In this crusade against orthodox aesthetics and restrictive perspectives on literary creation, Mateo himself has published his own poetic work and a collection of short stories titled Nadie se llama Caín (Literatura UNAM, 2019). He has also edited and annotated some of Revueltas own screenplays, namely El luto humano and Los treinta dineros, which were recently edited by UNAM in 2021. Here is where Dr. Mateo’s work and mine converge, for we both push against rigid notions of literary disciplines that insist that one thing is just one thing, and nothing more: we both disrupt the traditional idea of “genre” to open up the signifying possibilities of any given text. In this sense, Revueltas’ work provides a blueprint for ethical and political lessons that are urgent even in the present day, showing us that it is possible to think beyond pre-established limits.

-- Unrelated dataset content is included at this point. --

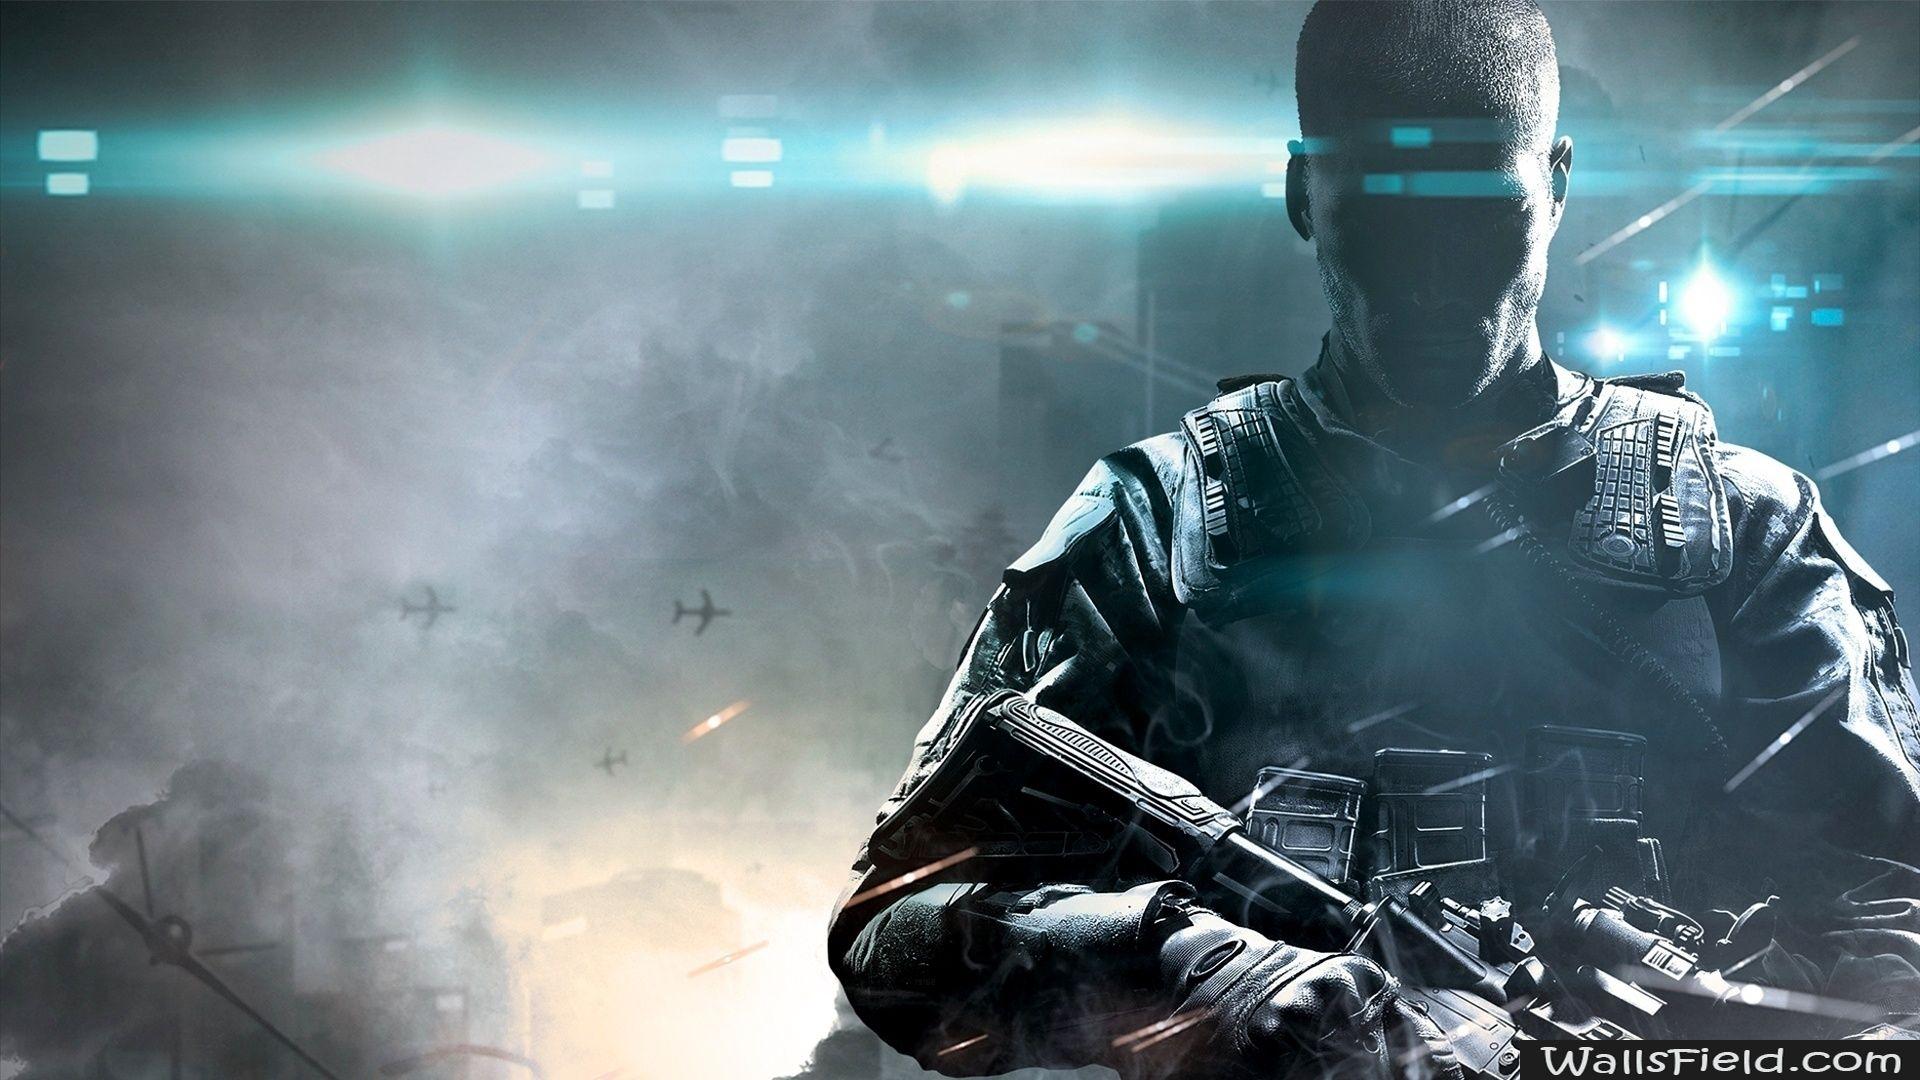 Call Of Duty Black Ops 2 Wallsfield Com Free Hd Wallpapers Call Of Duty Black Black Ops Call Of Duty

Talking to Dr. Mateo in preparation for this piece, I asked him about an issue that has always caught my attention: the fact that the Mexican National Archives (AGN, which stands for Archivo General de la Nación) are housed within the walls of Lecumberri, a former prison also known as El Palacio Negro due to its gruel living conditions. José Revueltas himself was imprisoned there, and other famous inmates include Leon Trotsky’s murderer, Ramón Mercader, and muralist David Alfaro Siqueiros. The structure of Lecumberri is a prototypical panopticon: arranged around a central patio that overlooks the galleys, which makes it an oppressive structure that reifies the centralization of knowledge and power that Revueltas so vehemently criticized. To this, Dr. Mateo responds with a protest chant: “cada cuartel, una escuela”, every barrack a school, which indicates the desire to transform spaces of physical and intellectual repression into places devoted to the life of the mind. This social demand has become true in some cases, like Lecumberri itself or the colony in Islas Marías, where Revueltas was also imprisoned twice during his youth. The repurposing of the prison, or the redefining of a present without walls that Revueltas fought for until his dying breath.
In short, Dr. Mateo is a fierce defender of the right to think, and “to think the unthinkable”, which is reflected in his thorough analyses of Revueltas’ work. “Que los consensos no se conviertan en losas que impidan seguir pensando”, he tells me, when I ask him what we can learn from Revueltas nowadays. It is clear that the need for critical thought is more pressing than ever, and that the fight for widespread access to knowledge is still ongoing.
As previously stated, Dr. Mateo will be participating in the
2022 Lozano Long Conference in honor of the centennial of the Nettie Lee Benson
Latin American Collection, entitled “Archiving Objects of Knowledge with Latin
American Perspectives” at UT Austin in February 23-24, 2022.
[1] Mateo, José Manuel. Espectros del ensayo: José Revueltas y Ricardo Flores Magón. UNAM, 2019.